-- Work order --
Write the data out again so that it matches word for word.

-- Records from a data collection --
────────────────────

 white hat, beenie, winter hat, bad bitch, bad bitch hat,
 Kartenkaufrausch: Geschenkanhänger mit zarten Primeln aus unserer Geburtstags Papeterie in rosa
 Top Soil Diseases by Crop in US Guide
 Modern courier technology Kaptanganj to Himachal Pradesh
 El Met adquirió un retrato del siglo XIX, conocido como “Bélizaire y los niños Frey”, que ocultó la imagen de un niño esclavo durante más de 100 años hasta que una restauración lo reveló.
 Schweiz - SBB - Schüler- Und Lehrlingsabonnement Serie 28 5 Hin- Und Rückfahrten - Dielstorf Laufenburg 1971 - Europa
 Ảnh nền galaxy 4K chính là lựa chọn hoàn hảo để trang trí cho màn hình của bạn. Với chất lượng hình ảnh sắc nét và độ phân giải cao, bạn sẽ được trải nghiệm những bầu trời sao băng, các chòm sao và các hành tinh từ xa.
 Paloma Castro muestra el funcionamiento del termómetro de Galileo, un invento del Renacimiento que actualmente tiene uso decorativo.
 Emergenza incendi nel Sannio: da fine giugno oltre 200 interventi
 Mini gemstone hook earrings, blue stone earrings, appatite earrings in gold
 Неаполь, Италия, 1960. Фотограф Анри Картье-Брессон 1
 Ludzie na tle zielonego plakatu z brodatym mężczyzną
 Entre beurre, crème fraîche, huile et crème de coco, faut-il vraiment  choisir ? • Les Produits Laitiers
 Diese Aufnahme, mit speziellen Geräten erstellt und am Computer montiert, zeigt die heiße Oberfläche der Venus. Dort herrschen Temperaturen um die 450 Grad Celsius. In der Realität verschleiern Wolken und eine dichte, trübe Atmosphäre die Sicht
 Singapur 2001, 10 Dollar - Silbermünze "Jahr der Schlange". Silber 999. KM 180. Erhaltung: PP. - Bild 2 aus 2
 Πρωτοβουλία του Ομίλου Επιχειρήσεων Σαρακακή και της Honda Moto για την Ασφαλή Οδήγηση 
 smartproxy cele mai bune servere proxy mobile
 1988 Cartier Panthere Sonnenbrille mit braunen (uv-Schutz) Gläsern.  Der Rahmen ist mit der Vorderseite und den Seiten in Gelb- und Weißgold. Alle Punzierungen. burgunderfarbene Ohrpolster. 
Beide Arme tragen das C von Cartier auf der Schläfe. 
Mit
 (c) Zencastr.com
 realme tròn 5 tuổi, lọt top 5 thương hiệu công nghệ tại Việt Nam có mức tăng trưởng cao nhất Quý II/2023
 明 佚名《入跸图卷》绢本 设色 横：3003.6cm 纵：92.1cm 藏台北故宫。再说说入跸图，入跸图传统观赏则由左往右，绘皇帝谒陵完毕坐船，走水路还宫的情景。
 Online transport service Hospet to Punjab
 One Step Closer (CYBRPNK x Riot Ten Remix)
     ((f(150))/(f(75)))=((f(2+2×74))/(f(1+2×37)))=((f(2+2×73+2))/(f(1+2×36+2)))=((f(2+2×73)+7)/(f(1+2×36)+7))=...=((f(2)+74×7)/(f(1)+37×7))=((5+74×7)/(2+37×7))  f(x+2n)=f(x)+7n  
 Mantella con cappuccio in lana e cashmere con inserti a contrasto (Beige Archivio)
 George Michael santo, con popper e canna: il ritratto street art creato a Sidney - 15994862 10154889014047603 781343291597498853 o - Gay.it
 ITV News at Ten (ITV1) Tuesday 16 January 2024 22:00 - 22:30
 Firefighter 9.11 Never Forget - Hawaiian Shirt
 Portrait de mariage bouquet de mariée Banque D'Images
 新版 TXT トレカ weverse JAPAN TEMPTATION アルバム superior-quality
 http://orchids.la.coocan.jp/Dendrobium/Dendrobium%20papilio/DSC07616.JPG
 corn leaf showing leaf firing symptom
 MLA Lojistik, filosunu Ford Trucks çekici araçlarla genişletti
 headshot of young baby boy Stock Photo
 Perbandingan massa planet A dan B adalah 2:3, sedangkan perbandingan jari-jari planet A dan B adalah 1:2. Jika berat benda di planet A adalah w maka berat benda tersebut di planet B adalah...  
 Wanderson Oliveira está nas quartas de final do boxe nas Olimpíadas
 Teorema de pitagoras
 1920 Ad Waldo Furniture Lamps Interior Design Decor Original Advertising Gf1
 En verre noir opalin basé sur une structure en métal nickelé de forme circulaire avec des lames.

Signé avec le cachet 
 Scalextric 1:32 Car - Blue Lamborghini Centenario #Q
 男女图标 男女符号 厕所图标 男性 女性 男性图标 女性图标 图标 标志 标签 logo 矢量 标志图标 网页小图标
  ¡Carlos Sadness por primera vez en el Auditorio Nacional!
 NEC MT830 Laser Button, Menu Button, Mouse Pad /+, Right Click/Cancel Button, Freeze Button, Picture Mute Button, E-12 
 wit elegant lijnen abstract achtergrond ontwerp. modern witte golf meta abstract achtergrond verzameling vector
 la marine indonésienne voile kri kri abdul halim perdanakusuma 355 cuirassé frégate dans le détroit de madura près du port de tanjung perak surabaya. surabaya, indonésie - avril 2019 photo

────────────────────

-- Your response --
 white hat, beenie, winter hat, bad bitch, bad bitch hat,
 Kartenkaufrausch: Geschenkanhänger mit zarten Primeln aus unserer Geburtstags Papeterie in rosa
 Top Soil Diseases by Crop in US Guide
 Modern courier technology Kaptanganj to Himachal Pradesh
 El Met adquirió un retrato del siglo XIX, conocido como “Bélizaire y los niños Frey”, que ocultó la imagen de un niño esclavo durante más de 100 años hasta que una restauración lo reveló.
 Schweiz - SBB - Schüler- Und Lehrlingsabonnement Serie 28 5 Hin- Und Rückfahrten - Dielstorf Laufenburg 1971 - Europa
 Ảnh nền galaxy 4K chính là lựa chọn hoàn hảo để trang trí cho màn hình của bạn. Với chất lượng hình ảnh sắc nét và độ phân giải cao, bạn sẽ được trải nghiệm những bầu trời sao băng, các chòm sao và các hành tinh từ xa.
 Paloma Castro muestra el funcionamiento del termómetro de Galileo, un invento del Renacimiento que actualmente tiene uso decorativo.
 Emergenza incendi nel Sannio: da fine giugno oltre 200 interventi
 Mini gemstone hook earrings, blue stone earrings, appatite earrings in gold
 Неаполь, Италия, 1960. Фотограф Анри Картье-Брессон 1
 Ludzie na tle zielonego plakatu z brodatym mężczyzną
 Entre beurre, crème fraîche, huile et crème de coco, faut-il vraiment  choisir ? • Les Produits Laitiers
 Diese Aufnahme, mit speziellen Geräten erstellt und am Computer montiert, zeigt die heiße Oberfläche der Venus. Dort herrschen Temperaturen um die 450 Grad Celsius. In der Realität verschleiern Wolken und eine dichte, trübe Atmosphäre die Sicht
 Singapur 2001, 10 Dollar - Silbermünze "Jahr der Schlange". Silber 999. KM 180. Erhaltung: PP. - Bild 2 aus 2
 Πρωτοβουλία του Ομίλου Επιχειρήσεων Σαρακακή και της Honda Moto για την Ασφαλή Οδήγηση 
 smartproxy cele mai bune servere proxy mobile
 1988 Cartier Panthere Sonnenbrille mit braunen (uv-Schutz) Gläsern.  Der Rahmen ist mit der Vorderseite und den Seiten in Gelb- und Weißgold. Alle Punzierungen. burgunderfarbene Ohrpolster. 
Beide Arme tragen das C von Cartier auf der Schläfe. 
Mit
 (c) Zencastr.com
 realme tròn 5 tuổi, lọt top 5 thương hiệu công nghệ tại Việt Nam có mức tăng trưởng cao nhất Quý II/2023
 明 佚名《入跸图卷》绢本 设色 横：3003.6cm 纵：92.1cm 藏台北故宫。再说说入跸图，入跸图传统观赏则由左往右，绘皇帝谒陵完毕坐船，走水路还宫的情景。
 Online transport service Hospet to Punjab
 One Step Closer (CYBRPNK x Riot Ten Remix)
     ((f(150))/(f(75)))=((f(2+2×74))/(f(1+2×37)))=((f(2+2×73+2))/(f(1+2×36+2)))=((f(2+2×73)+7)/(f(1+2×36)+7))=...=((f(2)+74×7)/(f(1)+37×7))=((5+74×7)/(2+37×7))  f(x+2n)=f(x)+7n  
 Mantella con cappuccio in lana e cashmere con inserti a contrasto (Beige Archivio)
 George Michael santo, con popper e canna: il ritratto street art creato a Sidney - 15994862 10154889014047603 781343291597498853 o - Gay.it
 ITV News at Ten (ITV1) Tuesday 16 January 2024 22:00 - 22:30
 Firefighter 9.11 Never Forget - Hawaiian Shirt
 Portrait de mariage bouquet de mariée Banque D'Images
 新版 TXT トレカ weverse JAPAN TEMPTATION アルバム superior-quality
 http://orchids.la.coocan.jp/Dendrobium/Dendrobium%20papilio/DSC07616.JPG
 corn leaf showing leaf firing symptom
 MLA Lojistik, filosunu Ford Trucks çekici araçlarla genişletti
 headshot of young baby boy Stock Photo
 Perbandingan massa planet A dan B adalah 2:3, sedangkan perbandingan jari-jari planet A dan B adalah 1:2. Jika berat benda di planet A adalah w maka berat benda tersebut di planet B adalah...  
 Wanderson Oliveira está nas quartas de final do boxe nas Olimpíadas
 Teorema de pitagoras
 1920 Ad Waldo Furniture Lamps Interior Design Decor Original Advertising Gf1
 En verre noir opalin basé sur une structure en métal nickelé de forme circulaire avec des lames.

Signé avec le cachet 
 Scalextric 1:32 Car - Blue Lamborghini Centenario #Q
 男女图标 男女符号 厕所图标 男性 女性 男性图标 女性图标 图标 标志 标签 logo 矢量 标志图标 网页小图标
  ¡Carlos Sadness por primera vez en el Auditorio Nacional!
 NEC MT830 Laser Button, Menu Button, Mouse Pad /+, Right Click/Cancel Button, Freeze Button, Picture Mute Button, E-12 
 wit elegant lijnen abstract achtergrond ontwerp. modern witte golf meta abstract achtergrond verzameling vector
 la marine indonésienne voile kri kri abdul halim perdanakusuma 355 cuirassé frégate dans le détroit de madura près du port de tanjung perak surabaya. surabaya, indonésie - avril 2019 photo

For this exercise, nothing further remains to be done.